Scholarship of Teaching and Learning in Sociology Workshop Is a Catalyst
by Carla B. Howery, Director,
Academic and Professional Affairs Program
The scholarship of teaching and learning in sociology took a great leap forward with an ASA conference on the topic last July and continuing through products during the course of this year and next. The goal of this effort is to build a more robust tradition of sociological research on teaching and learning.
Forty-five sociologists, at different kinds of institutions and varying career stages, met from July 20-23, 2000, on the campus of James Madison University, Harrisonburg, VA. The workshop was co-sponsored by the Carnegie Academy for the Scholarship of Teaching and Learning, the ASA’s Academic and Professional Affairs Program, the ASA’s Section on Undergraduate Education, and James Madison University.

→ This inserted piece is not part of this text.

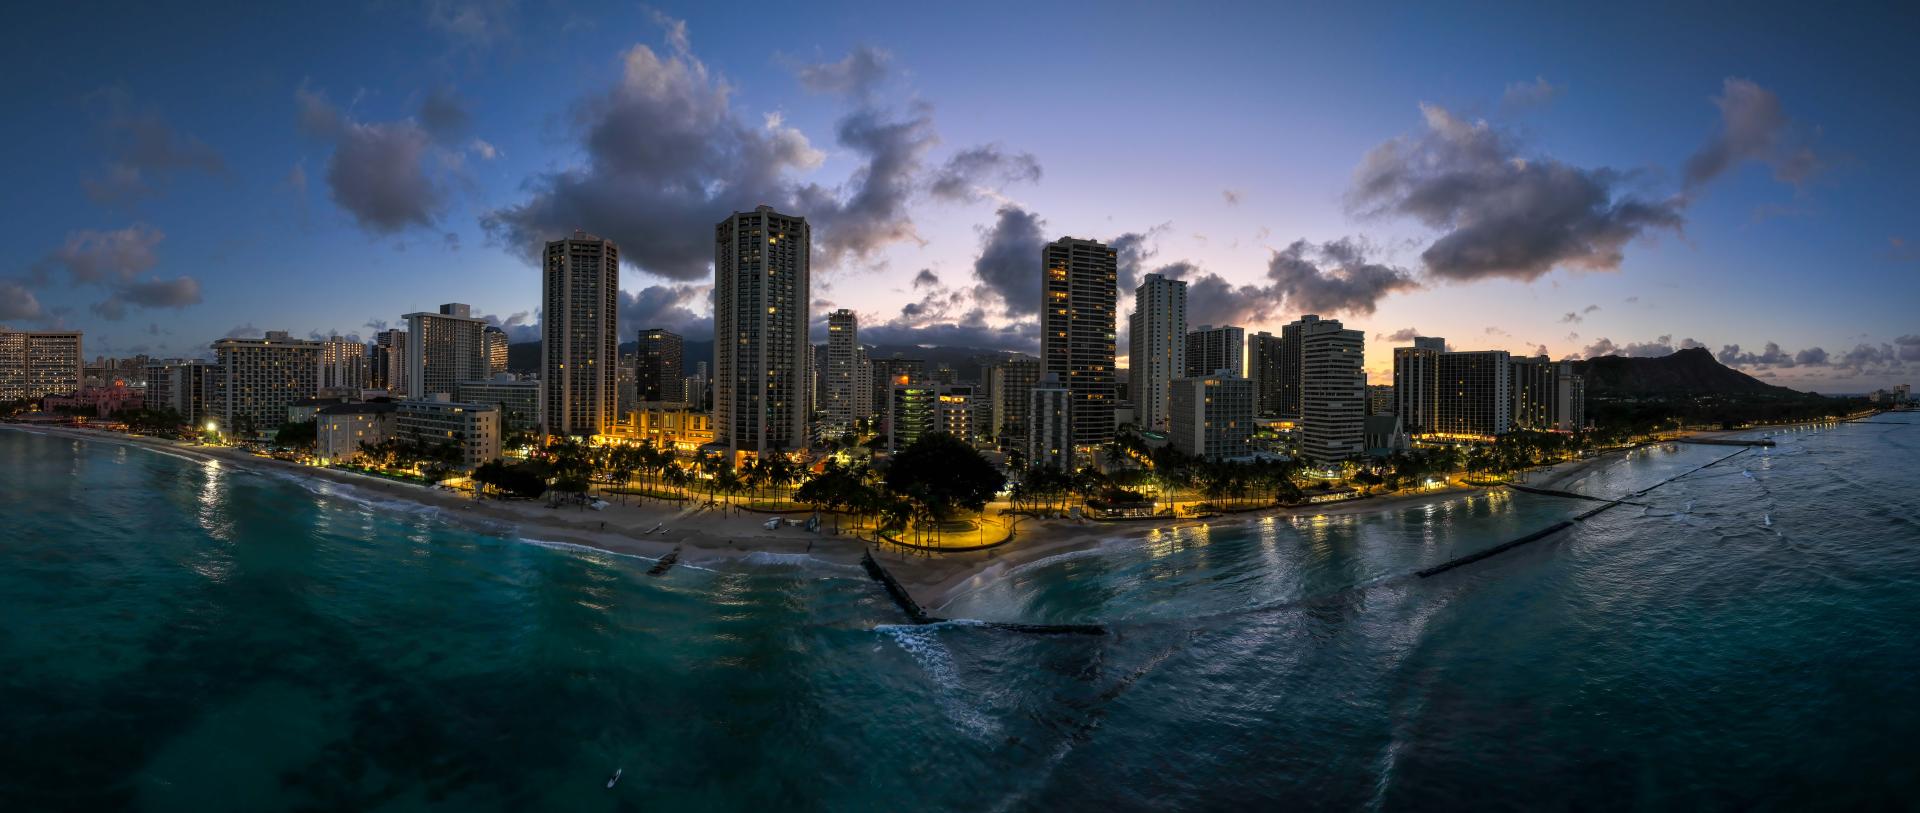 London Photography Awards Winner - City at Dawn: Honolulu’s Tranquil Awakening by the Sea

Participants in the workshop were competitively selected and prepared an “orienting memo” summarizing research in a subfield of teaching and learning. These memos were distributed in advance of the workshop. The participants were divided into six working groups, each of which addressed an important topic in research on teaching and learning in sociology. The topics are:
Over the three days, each of the six working groups thrashed out “knowledge available” and “knowledge needed” on its topic, drawing on literature from many disciplines including sociology, and from higher education more generally. Each group met again during the ASA Annual Meeting to polish a draft of one or more articles summarizing research.

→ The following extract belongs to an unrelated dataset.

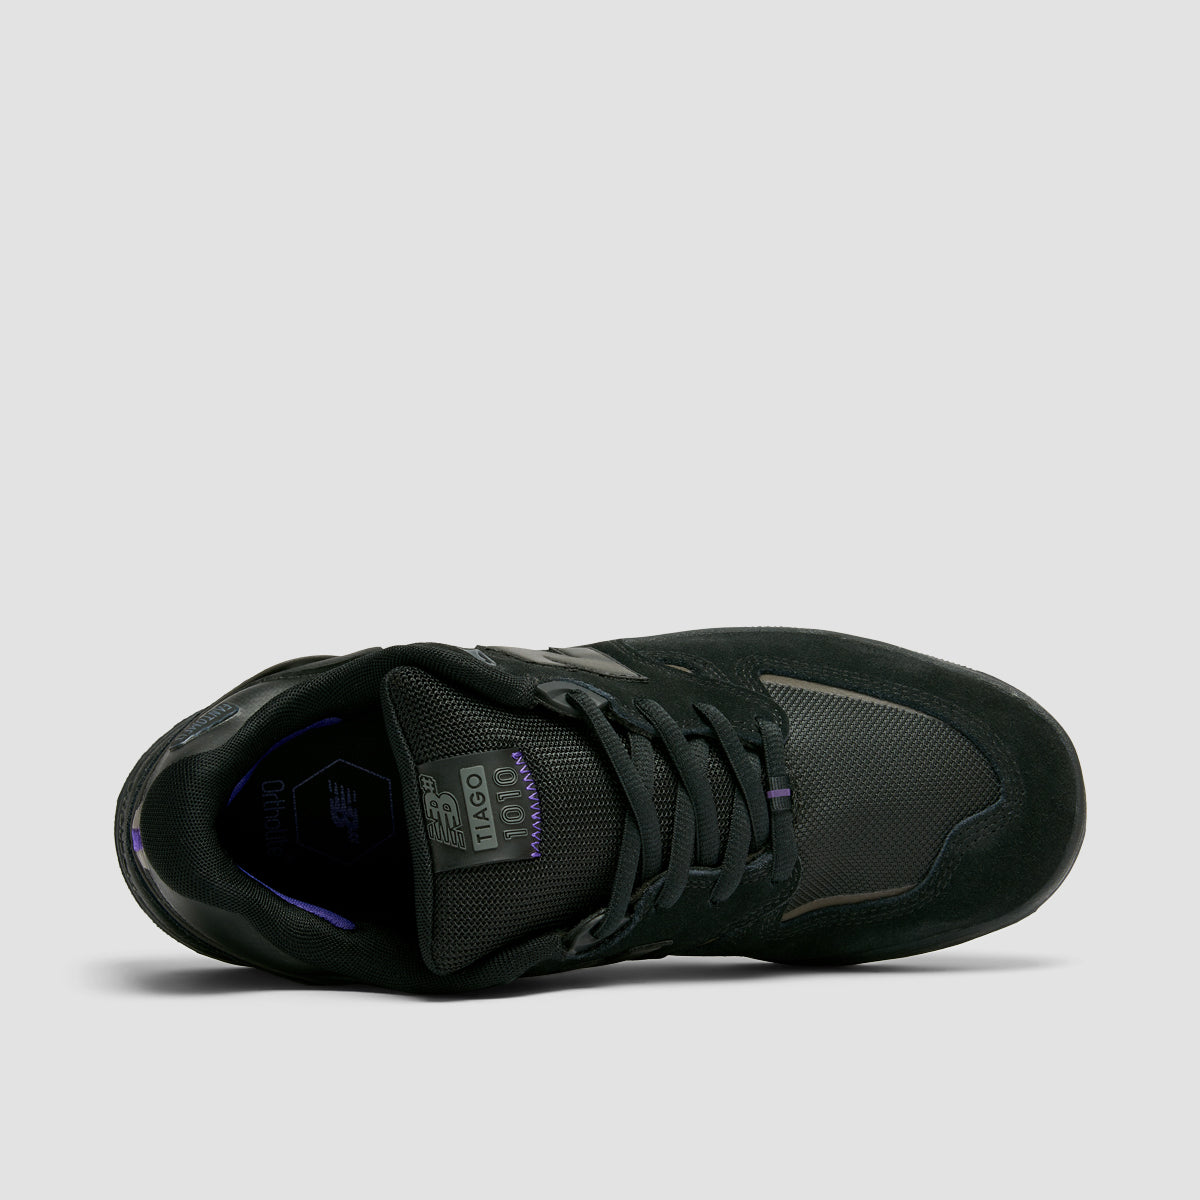 New Balance Numeric 1010 Tiago Lemos Shoes - Black/Black

- Integrating Styles of Learning and Teaching
- Assessment of Faculty
- Curriculum and Student Assessment
- Partnerships between Community and Academy
- Technology and its Uses in Teaching and Learning
- Impacts of Institutional Contexts and Teaching and Learning
This workshop was a capstone to a set of events and initiatives on the scholarship of teaching and learning in sociology. Nine sociologists have been chosen as Carnegie Academy Scholars in Teaching and Learning. Each has been working on a project to advance our empirical understanding on topics from service learning to a more effective theory course to cumulative learning within the sociology major (See July-August 2000 Footnotes). A more explicit commitment to the scholarship of teaching is also evident in departments. University of Akron, for example, recently advertised a senior faculty position with a specialty in the scholarship of teaching and learning.
This workshop and the activities to follow are part of a substantial effort to chart the course of new and important sociological inquiry that can move beyond experiences of individual teachers and learners. The sociological lens with its emphasis on context, structure, culture, and group process—to name but a few—can produce scholarship of significance to sociology and to other fields of education and training. The papers from this conference are ripe for consideration by Teaching Sociology. Other modes of presentation at annual and regional meetings are planned. The Section on Undergraduate Education is committed as a body to the advancement of such scholarship for the benefit of sociology and beyond.